Task prompt: From the line containing "Fantastic Dragon illustration" down to the last line of the material, output each line exactly as it appears, excluding pictures.

Data provided:
....................

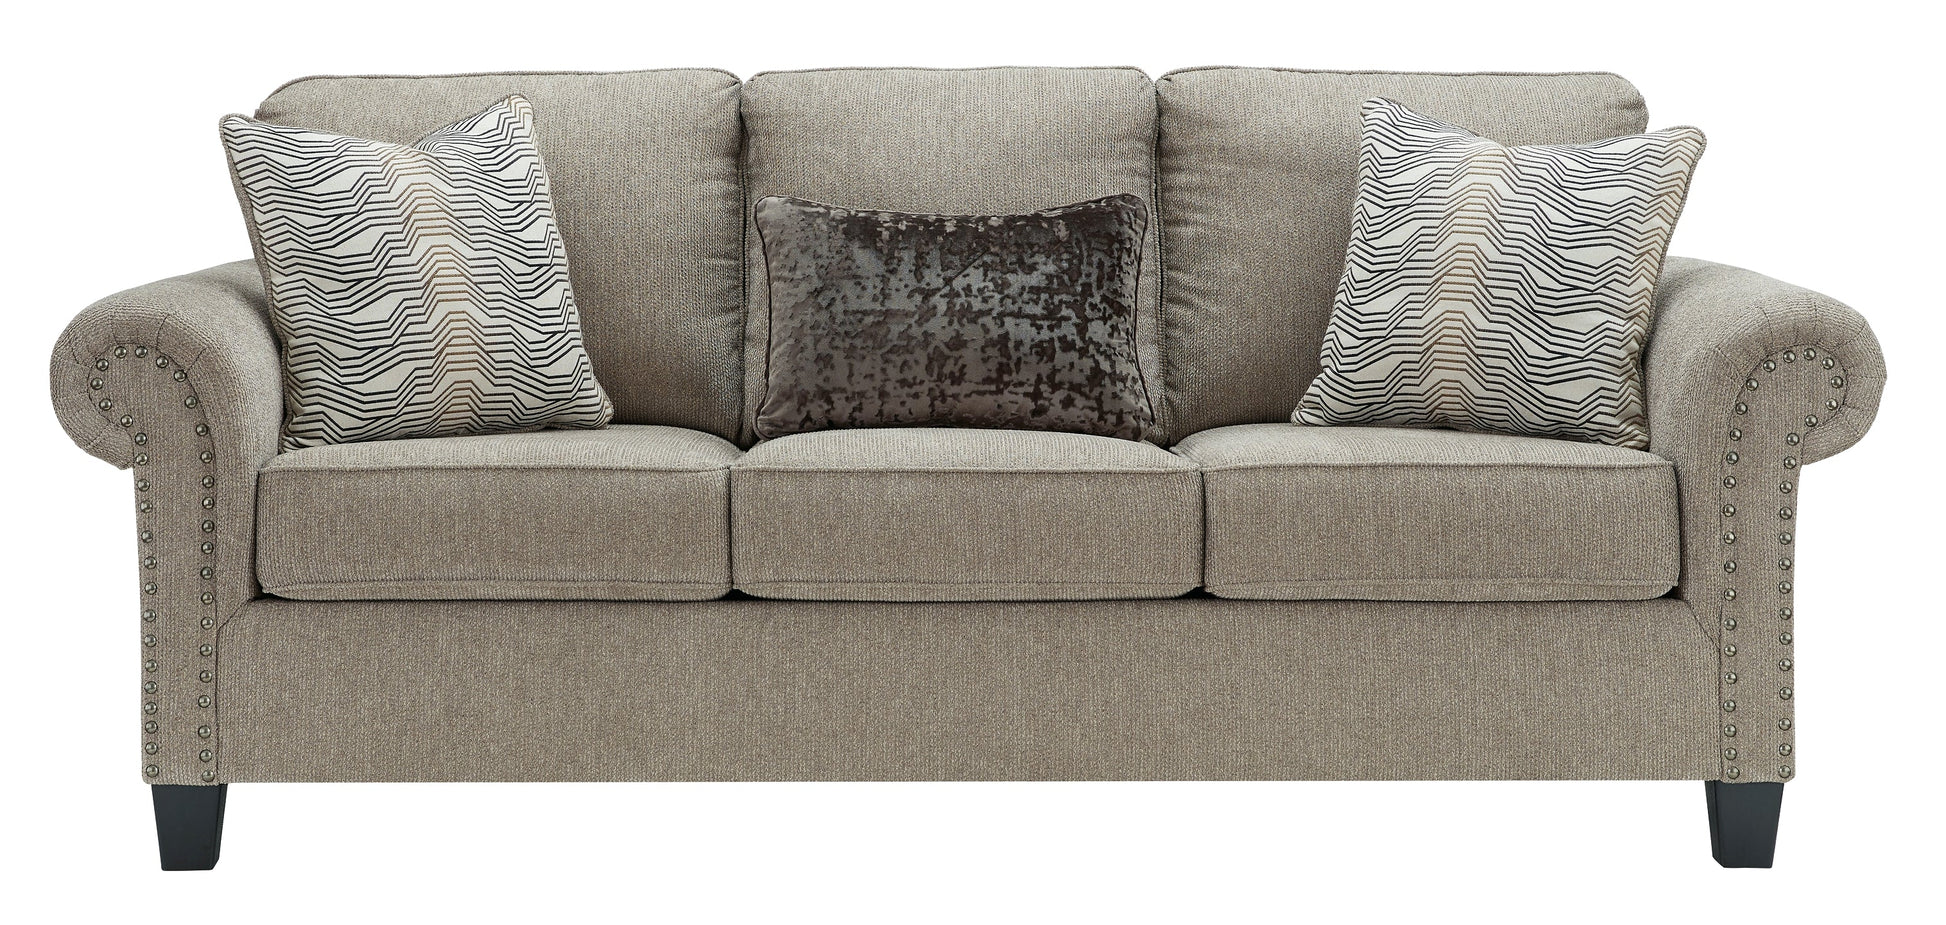 Shewsbury Sofa at Cloud 9 Mattress & Furniture furniture, home furnishing, home decor
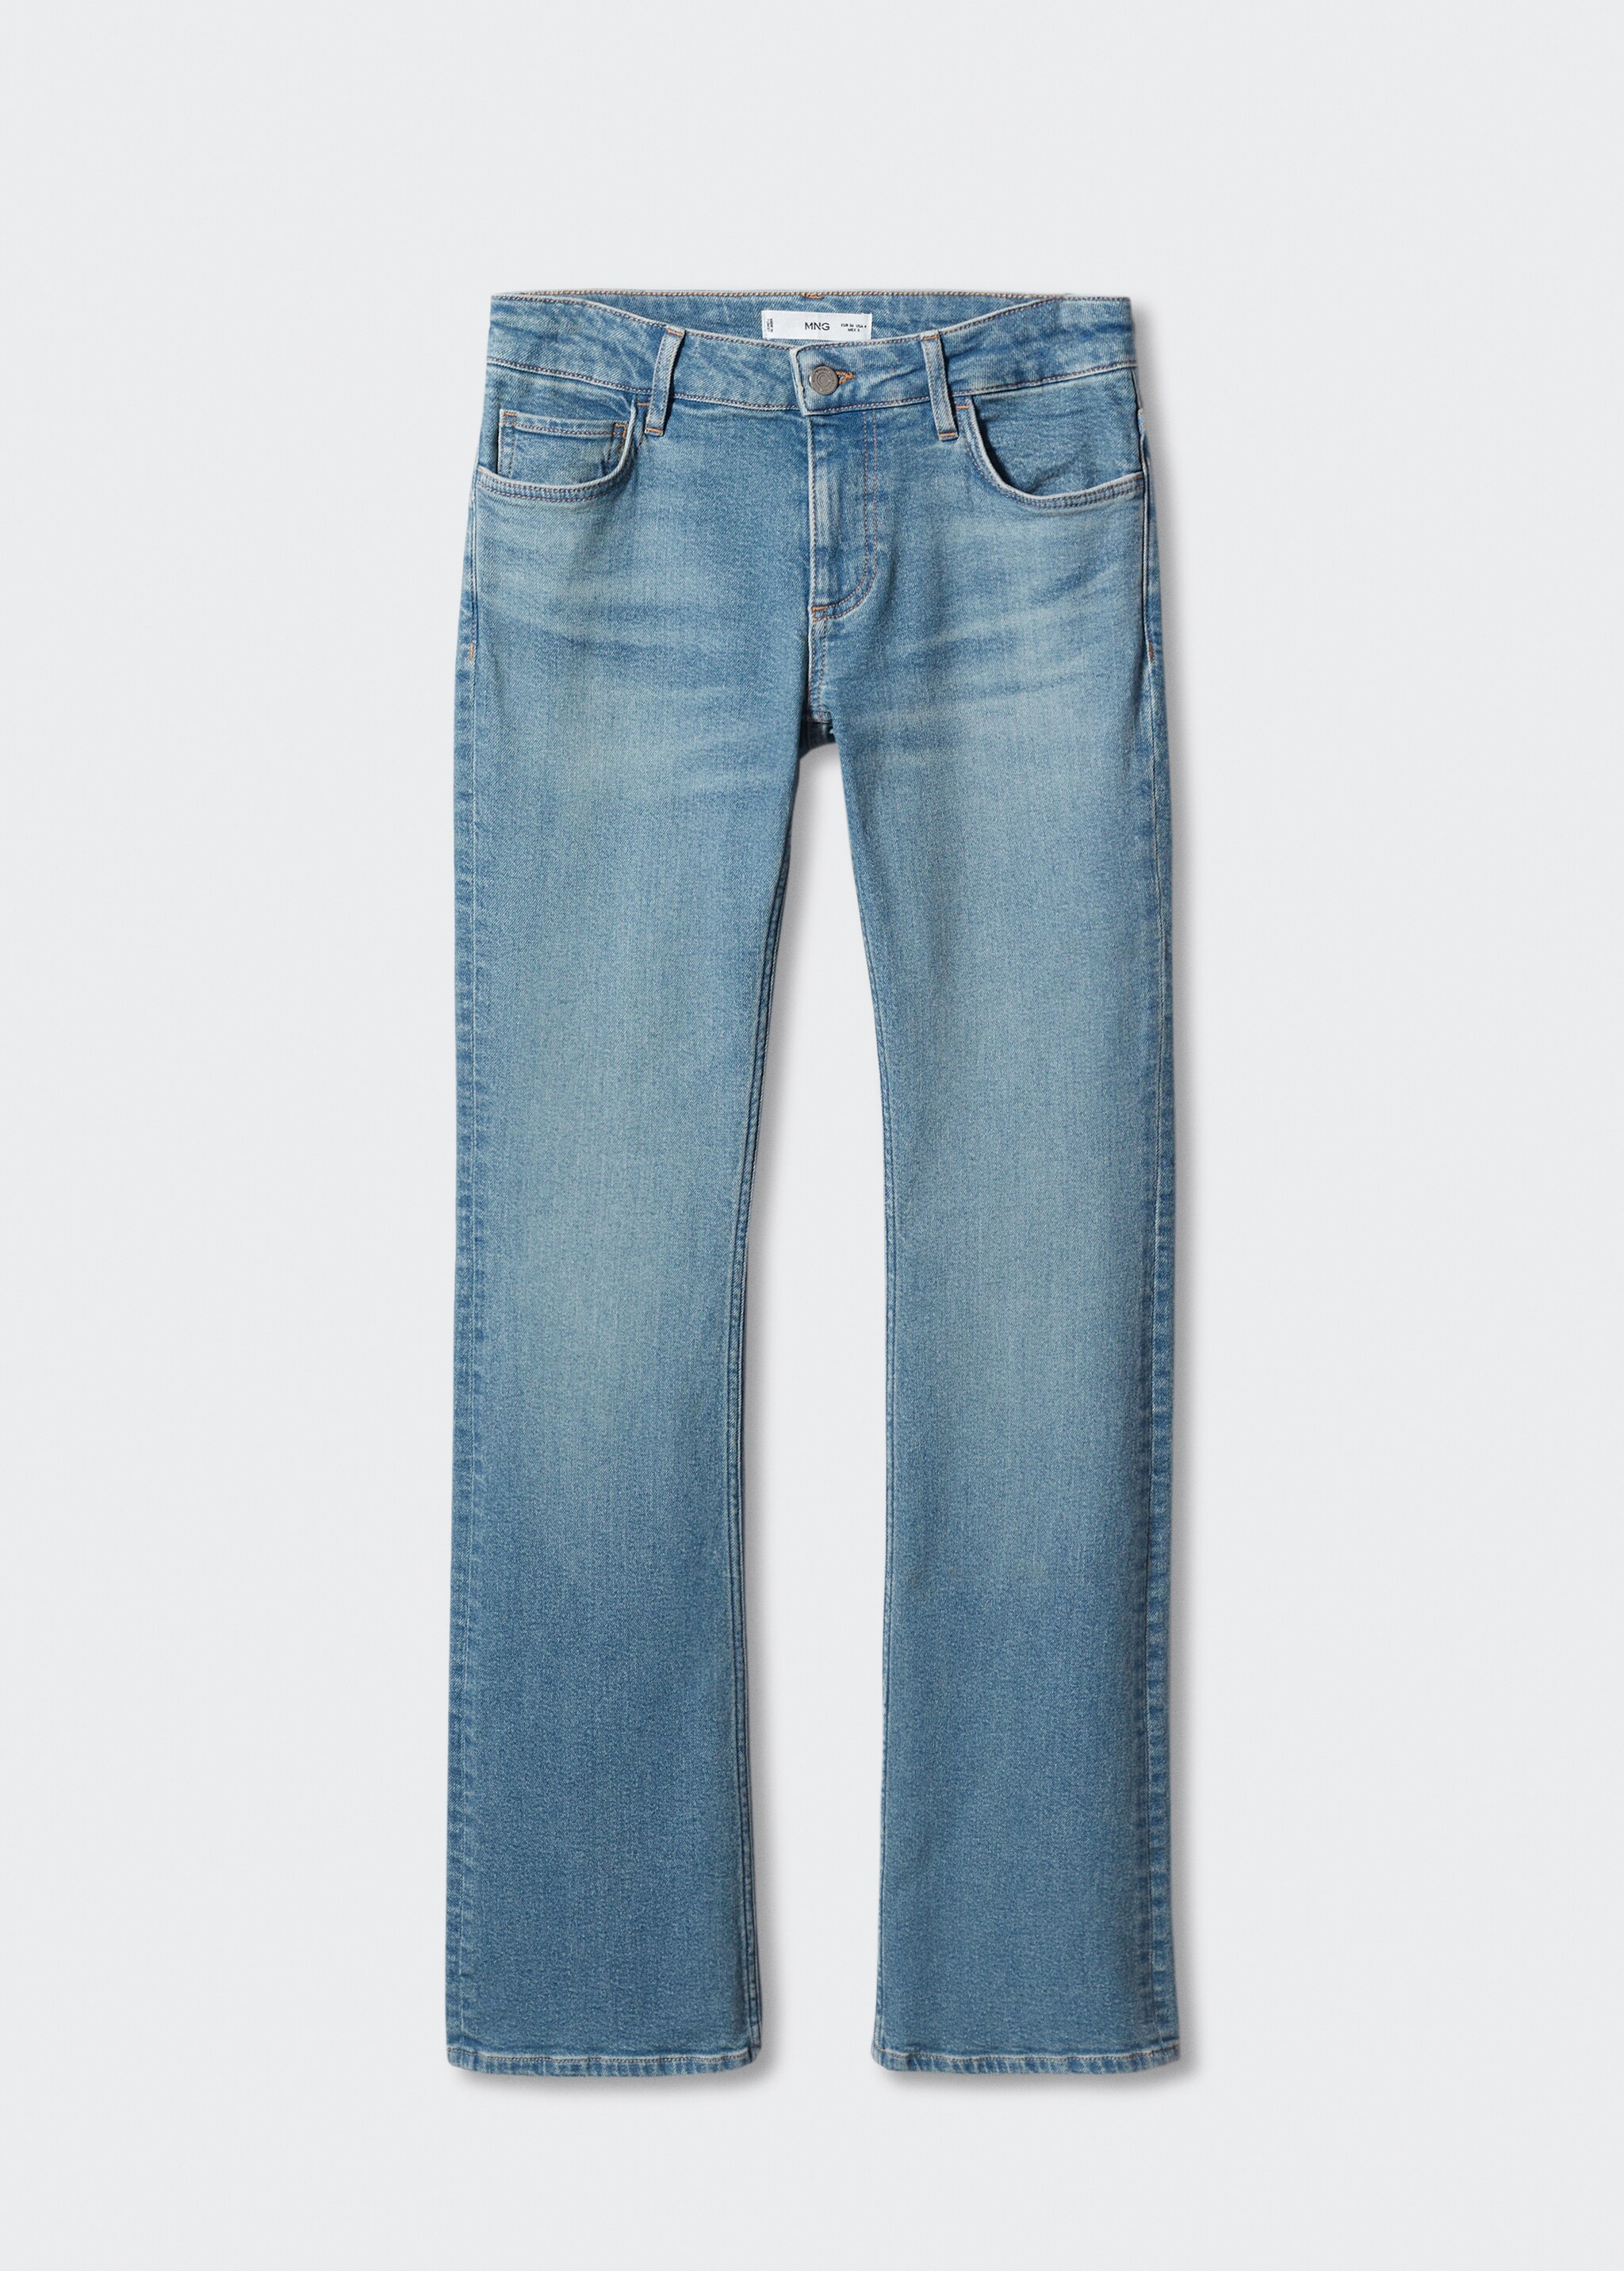 Jeans flare tiro bajo - Artículo sin modelo
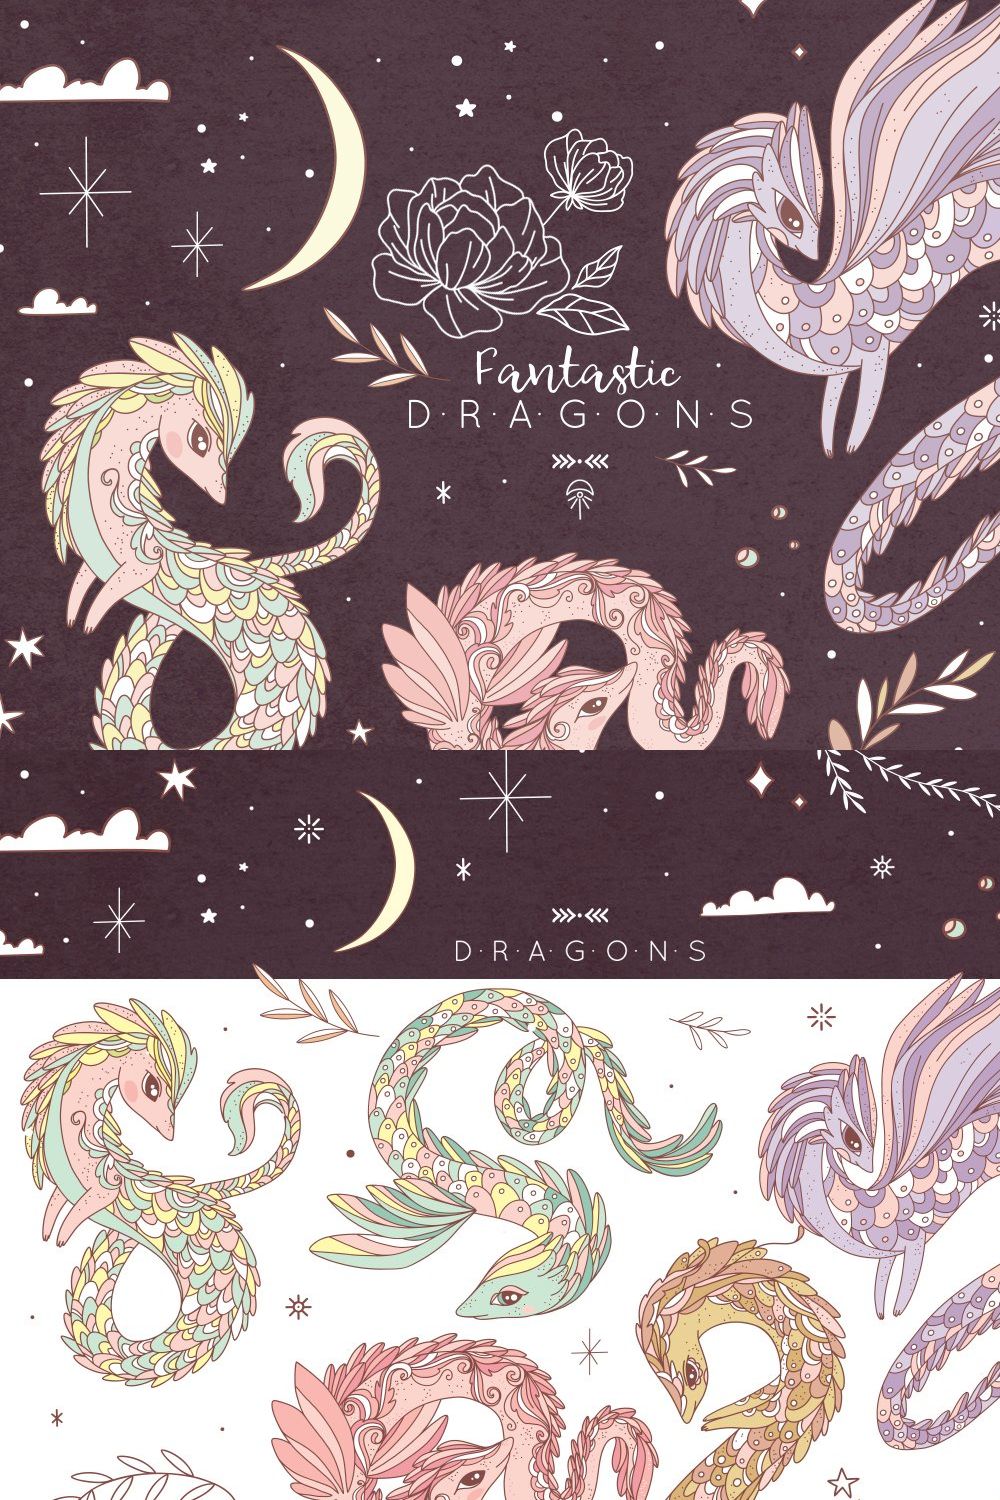 Fantastic Dragon illustration pinterest preview image.
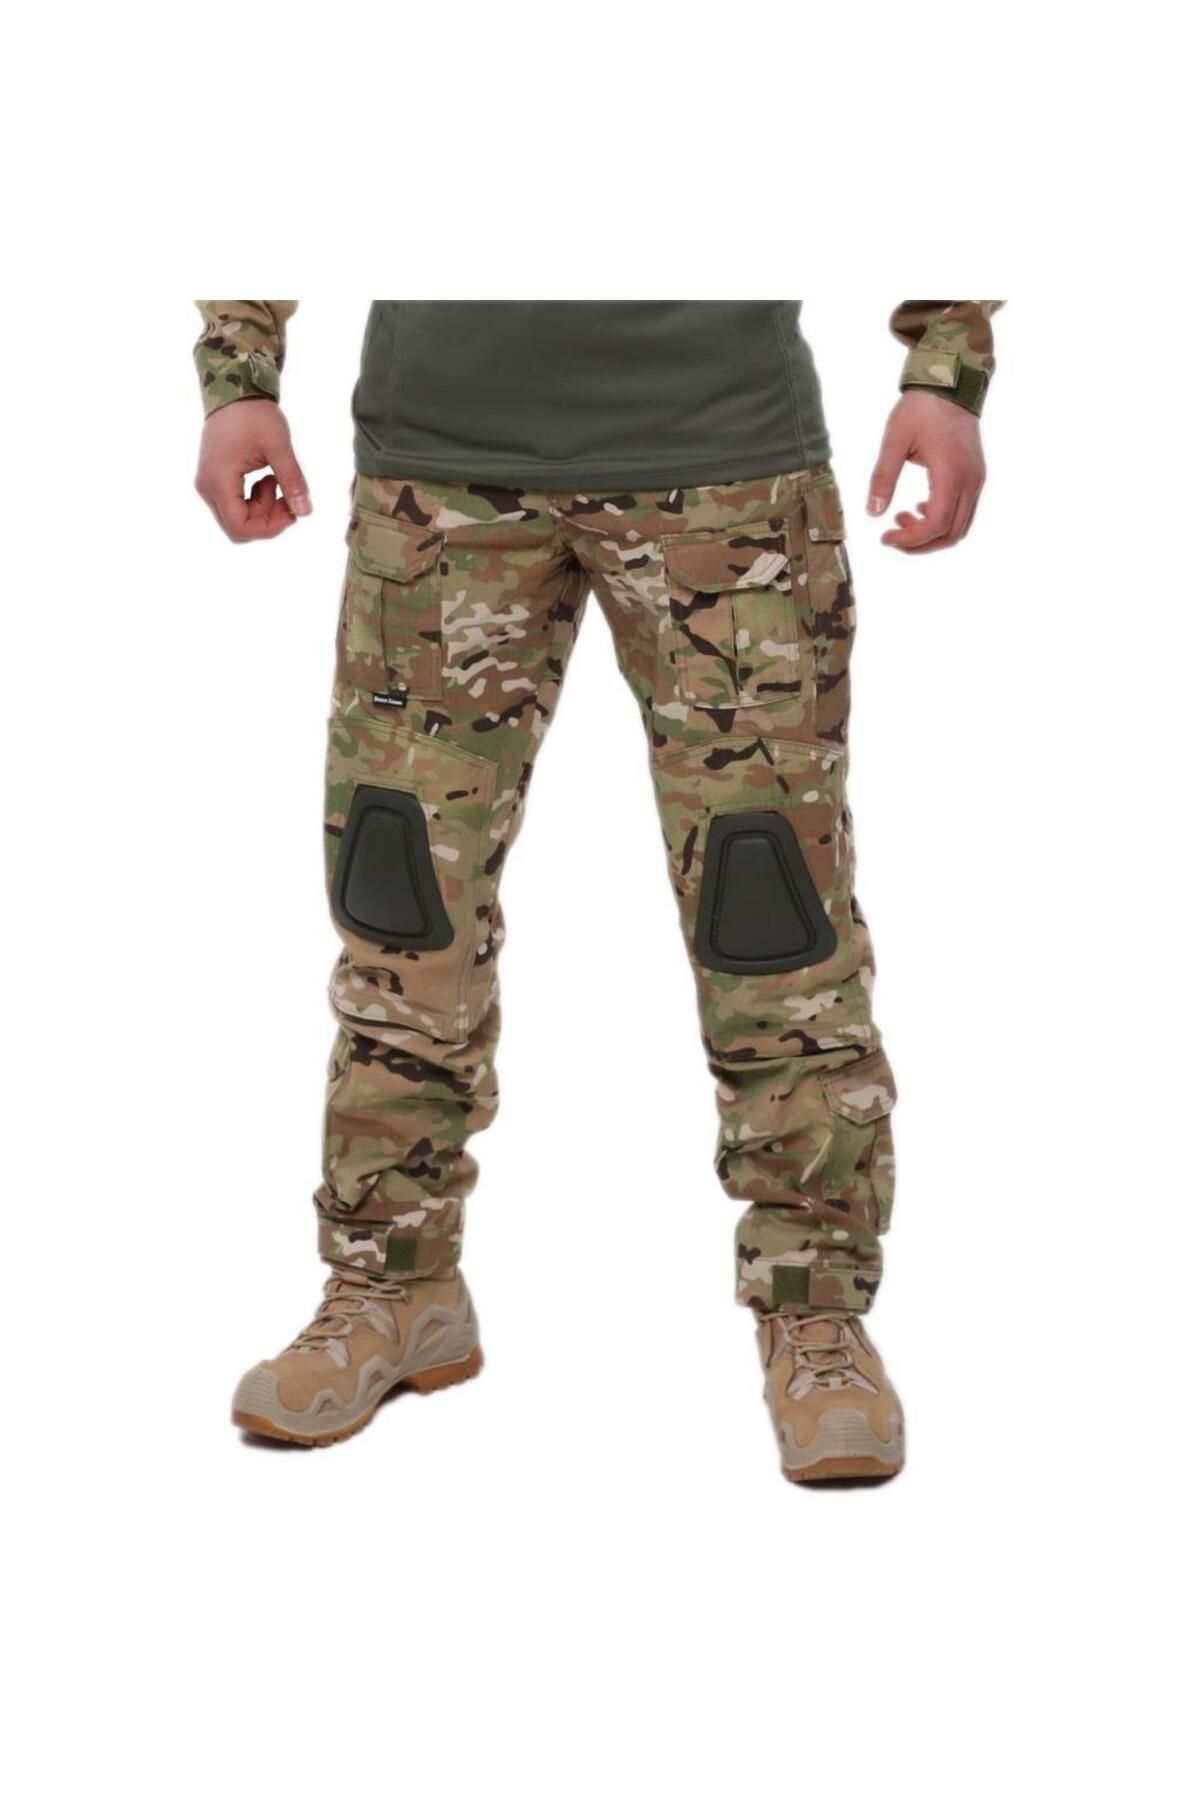 SİNGLE SWORD Dizlikli Kamuflaj Tactical Erkek Pantolon - Outdoor Taktik Pantolon

....................

Solved problem:
 Fantastic Dragon illustration pinterest preview image.
 SİNGLE SWORD Dizlikli Kamuflaj Tactical Erkek Pantolon - Outdoor Taktik Pantolon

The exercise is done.